Introduction: The American Society of Anesthesiologists Physical Status classification system (ASA-PS) score is a common and validated risk stratification of patients undergoing surgical procedures. In addition to the benign prostatic hyperplasia (BPH) prevalence in the aging population, there has been an increase in age and medical comorbidities in patients requiring BPH surgery. The role of ASA related to postoperative complications in patients undergoing holmium laser enucleation of the prostate (HoLEP) has not been described.
Methods: A review of our institutional database was performed of patients undergoing HoLEP from July 2018-December 2020. Patients were stratified based on ASA score of 1&2 and 3&4, which was assigned by a staff anesthesiologist. Pre-operative, perioperative and complication data was analyzed using SAS analytics software.

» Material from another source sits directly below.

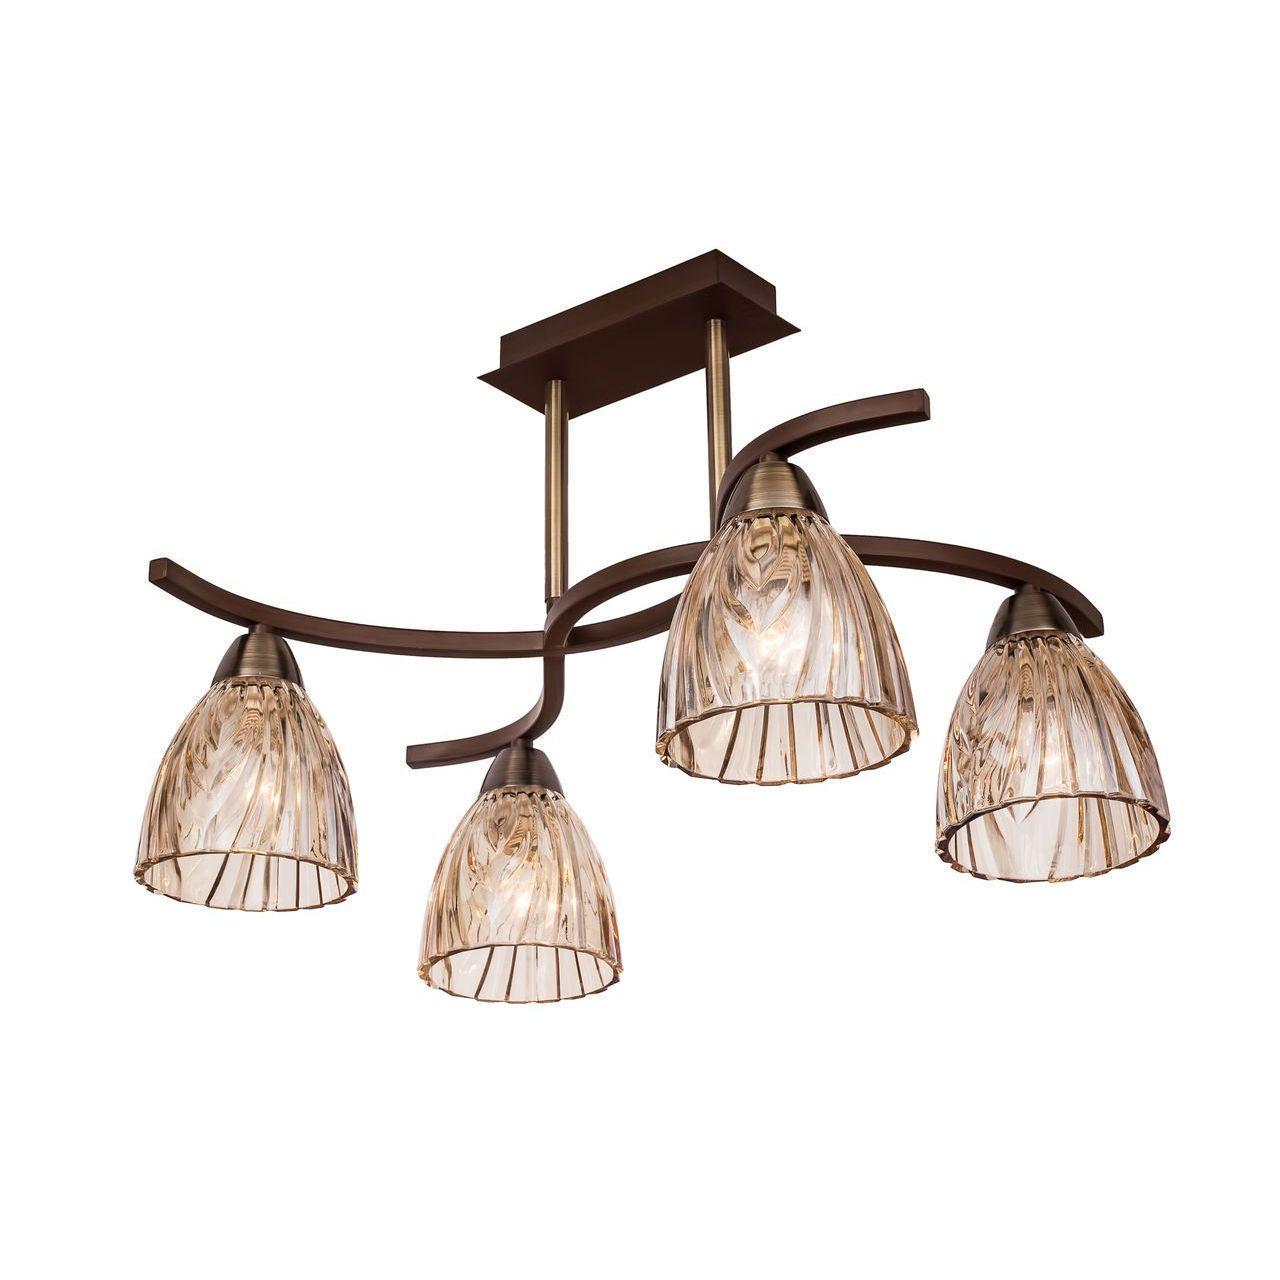 Люстра Silver Light Comfort 101.59.4 потолочная потолочная люстра silver light rhombus 201 54 12

Results: Of 472 patients undergoing HoLEP, 320 (67.8%) were ASA3-4. There was a statistically significant difference found for higher age (72.3±9.8 vs 69.1±9.0years, p<0.001), higher body mass index (BMI) (29.0±5.9 vs 27.3±4.2, p=.004), and higher use of antiplatelet/anticoagulant medications (31.4% vs 3.6%, p<0.001) in the ASA 3-4 group. Otherwise, there was no significant difference between preoperative prostate volume (p=0.158), pre-operative catheter dependent urinary retention (p=0.538) or prior BPH surgical therapy (p=0.880). Intraoperatively, there was no difference in enucleation time (52.76±24.8 vs 54.16±23.7min, p=0.587), OR specimen weight (70.24±58.5 vs 81.53±65.9, p=0.094) or perioperative medical events prolonging hospital stay (3.4% vs 0%, p=0.201). Despite no difference in intraoperative complications, there were higher postoperative complications in the ASA 3-4 group (20.9% vs 12.5%, p=0.03). There was not a difference in Clavien =3 complications (p=0.068) or bleeding-related complications (p=.24). ASA 3-4 patients had statistically similar outcomes to their lower ASA counterparts in post-operative international prostate symptom score (IPSS) (p=0.159) and post void residual (p=0.297).
Conclusions: HoLEP is feasible in patients who are ASA 3-4. The high-risk cohort had equivalent post-operative outcomes but increased rate of low grade (Clavien =2) complications. Patients with an ASA score 3 or 4 should be counseled regarding a higher rate of low-grade post-operative complications.